= DATA BELOW =
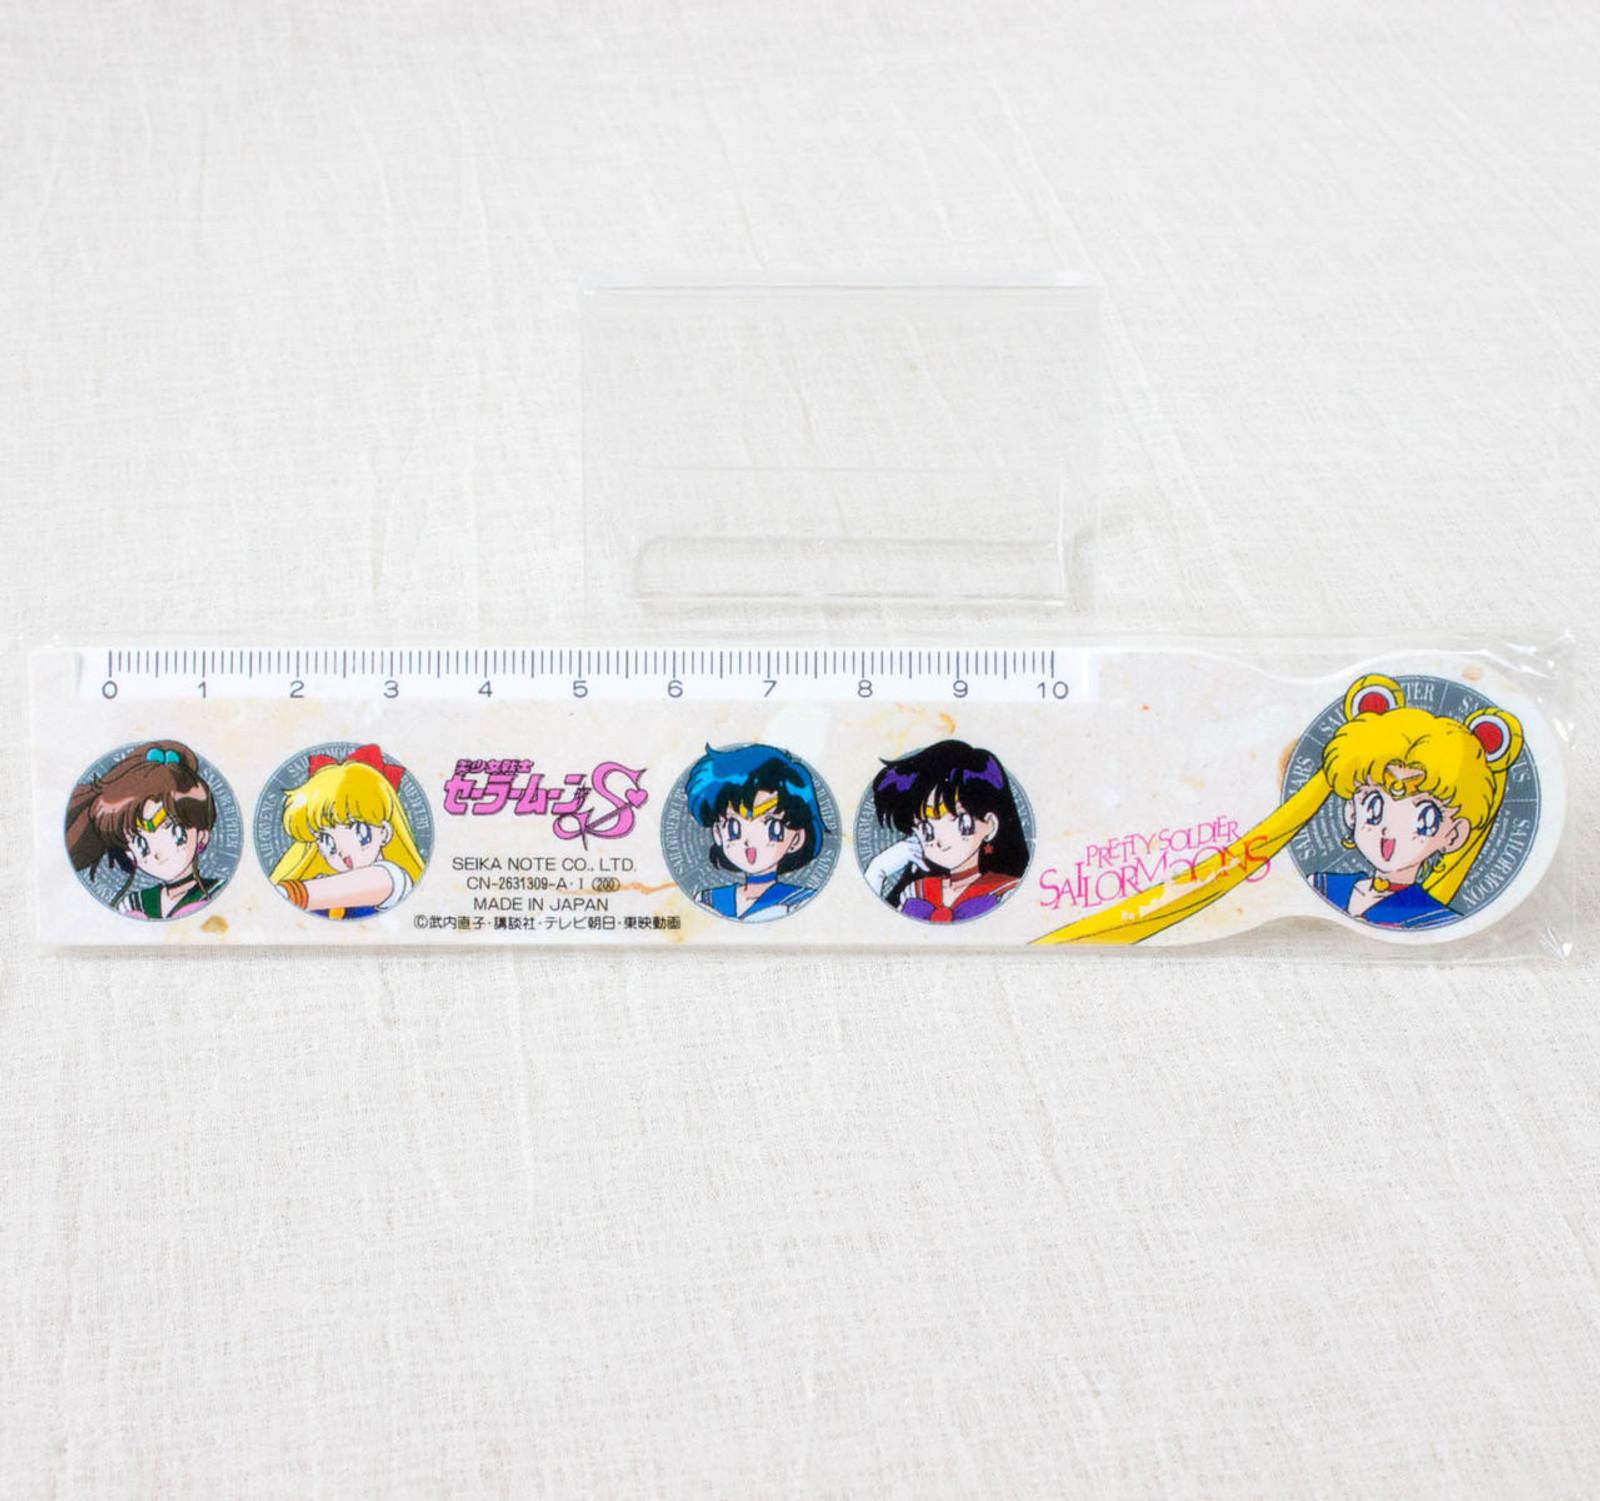 Retro RARE! Sailor Moon S Ruler 15cm SEIKA NOTE JAPAN ANIME MANGA
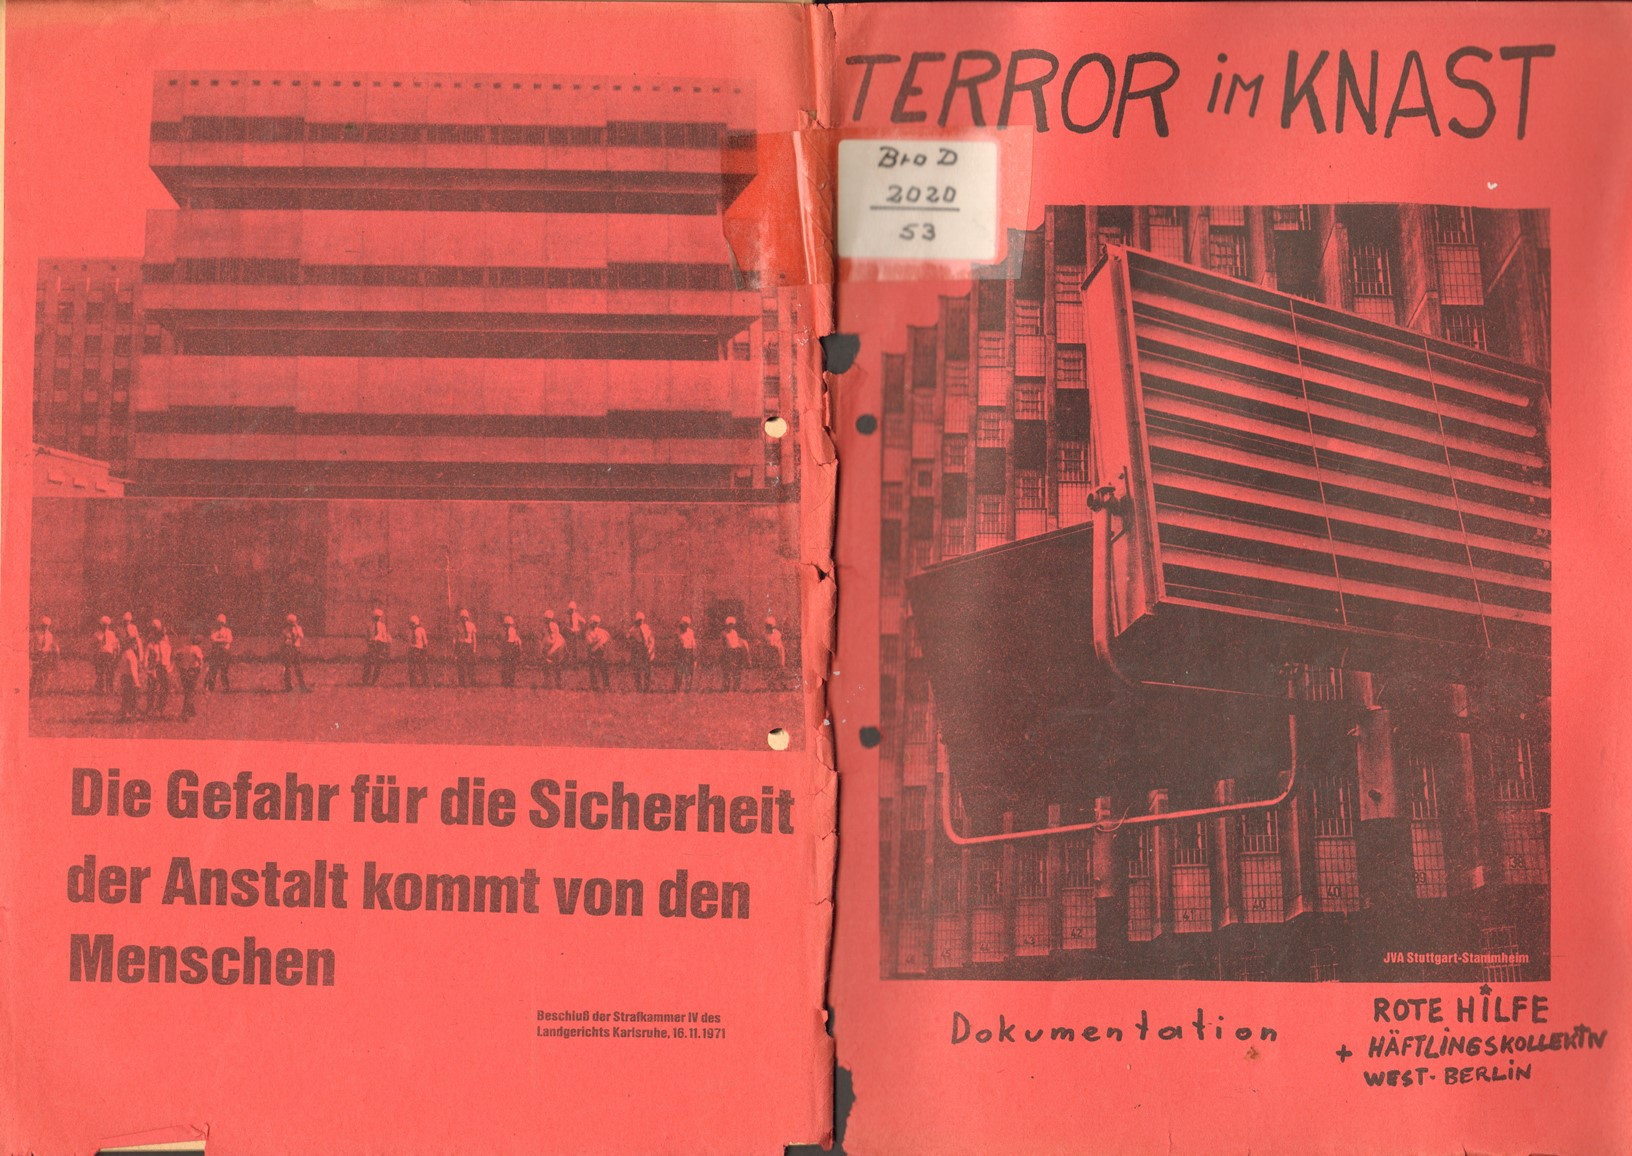 Berlin_RH_1974_Terror_im_Knast_01
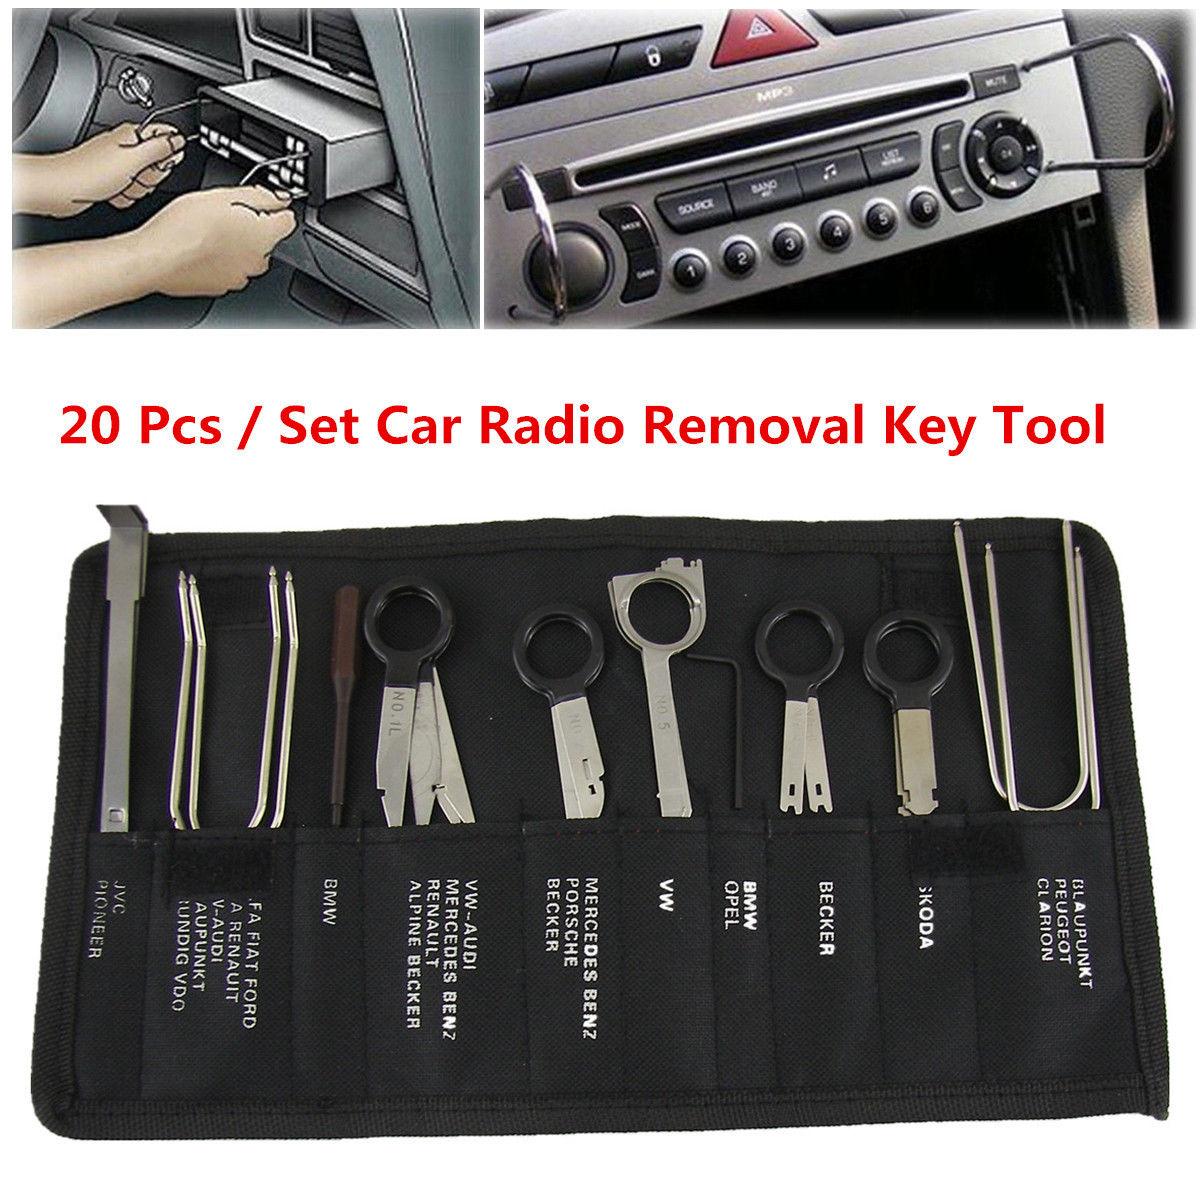 Becker Radio Release Keys Fits All Head Units

= DESCRIPTION OF THE TASK =
An exact copy of all the lines above is required, with the pictures removed.

= RESPONSE BOX =
 Retro RARE! Sailor Moon S Ruler 15cm SEIKA NOTE JAPAN ANIME MANGA
 Berlin_RH_1974_Terror_im_Knast_01
 Becker Radio Release Keys Fits All Head Units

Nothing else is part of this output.